▶ Exercise requirements: With the pictures left aside, write out exactly the lines of the listing below from the line with "Ron Hami 14k" to the line with "Gość Dnia - Sylwia Bielawska", both included, and only those.

▶ Input:
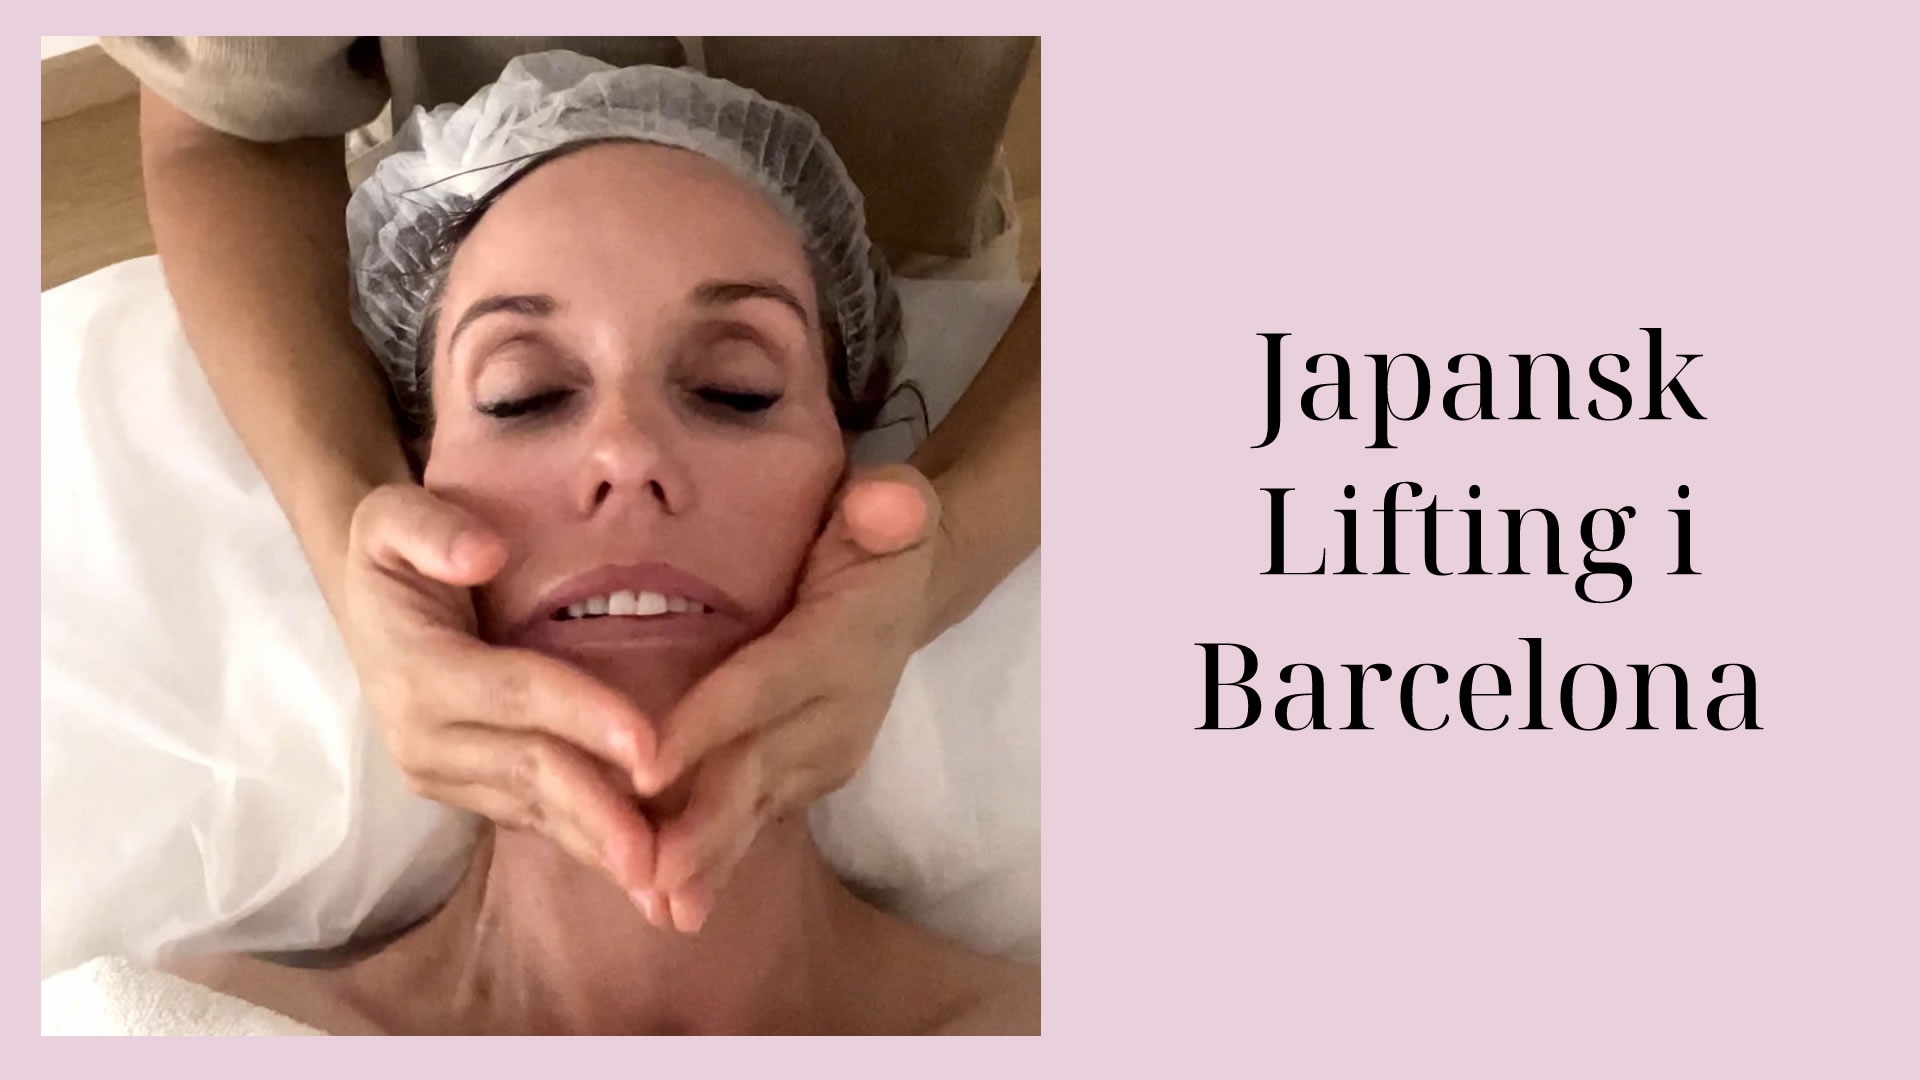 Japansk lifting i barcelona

...

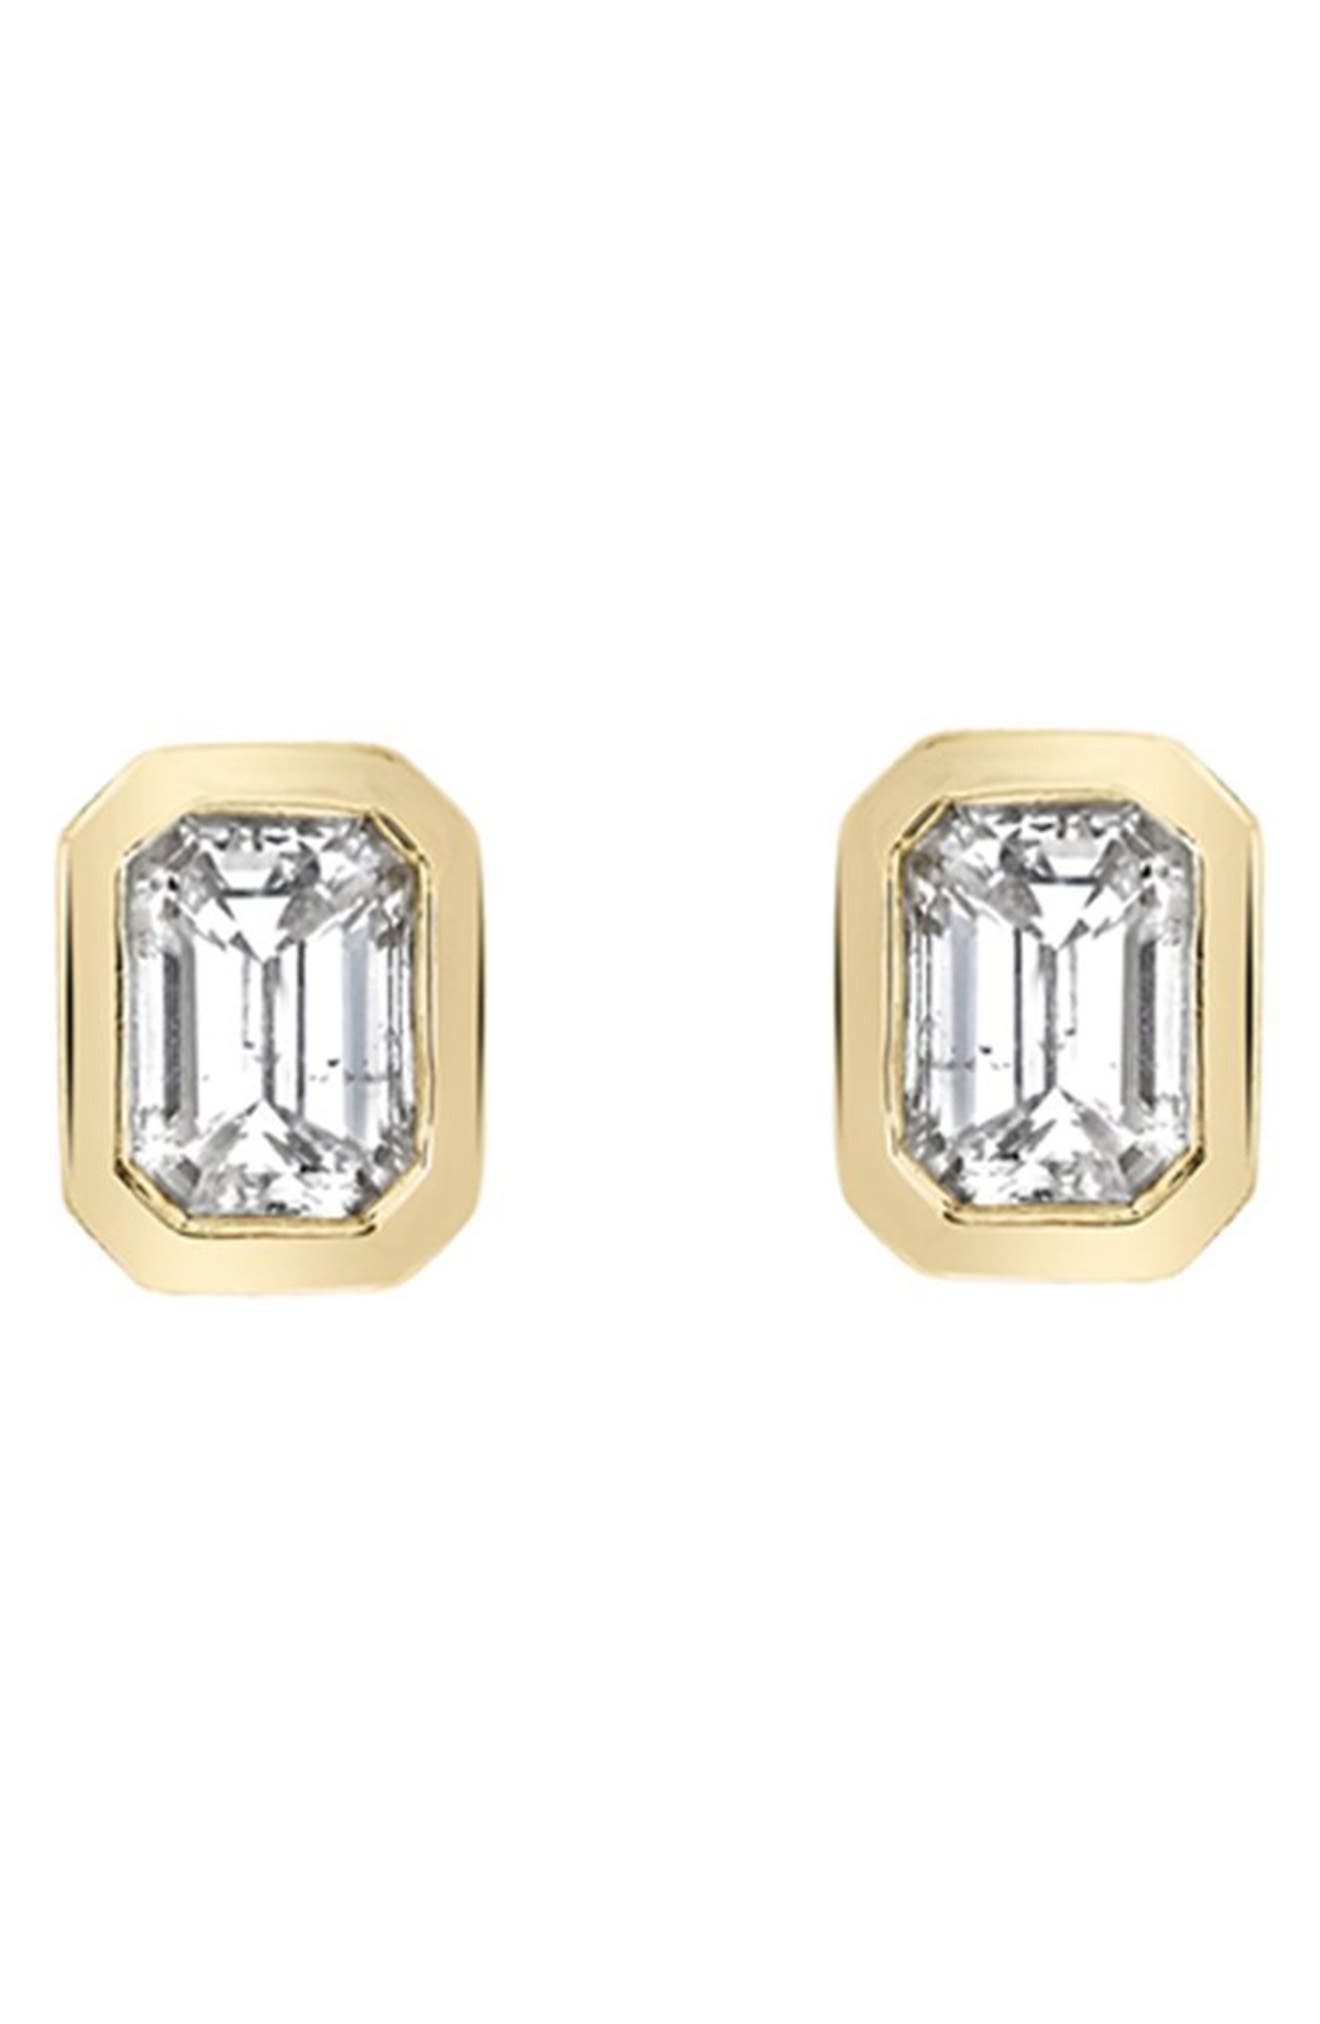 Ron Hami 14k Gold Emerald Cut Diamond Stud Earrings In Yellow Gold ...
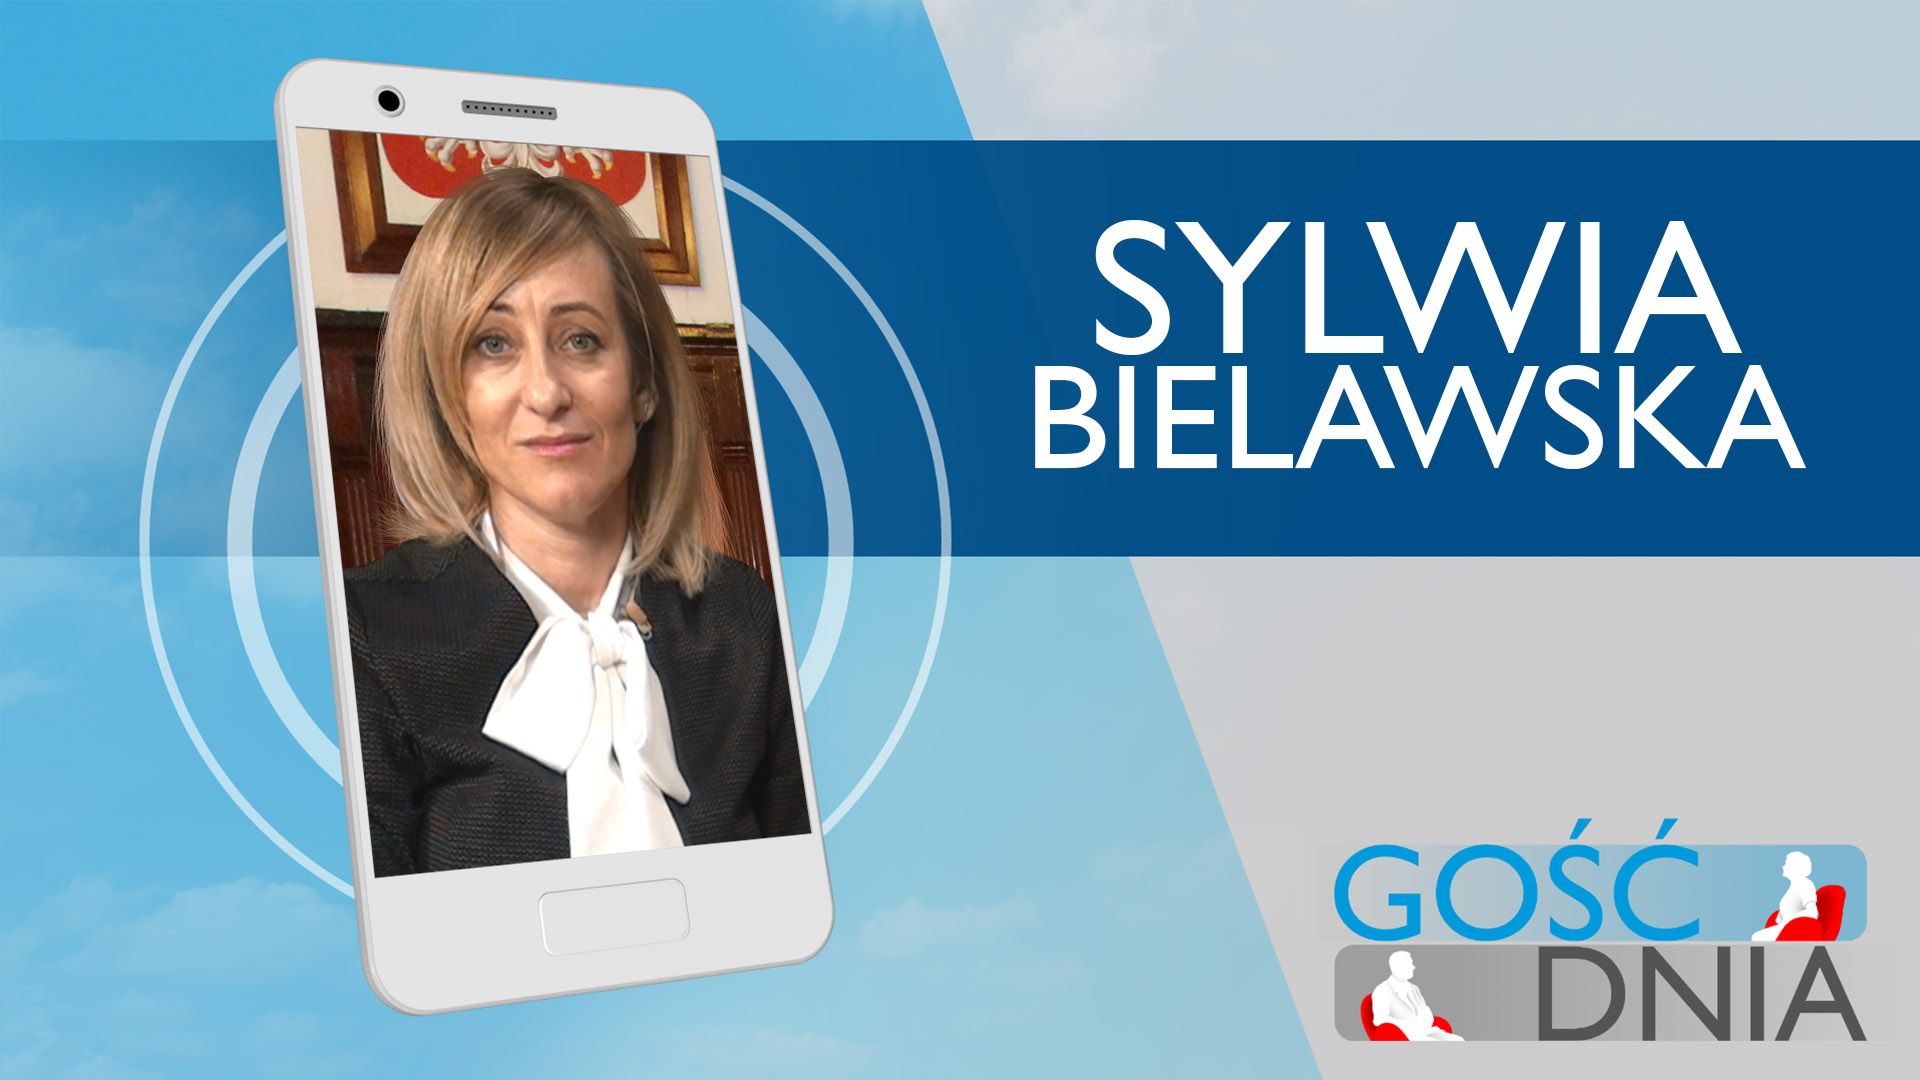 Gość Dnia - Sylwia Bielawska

▶ Written answer:
 Ron Hami 14k Gold Emerald Cut Diamond Stud Earrings In Yellow Gold ...
 Gość Dnia - Sylwia Bielawska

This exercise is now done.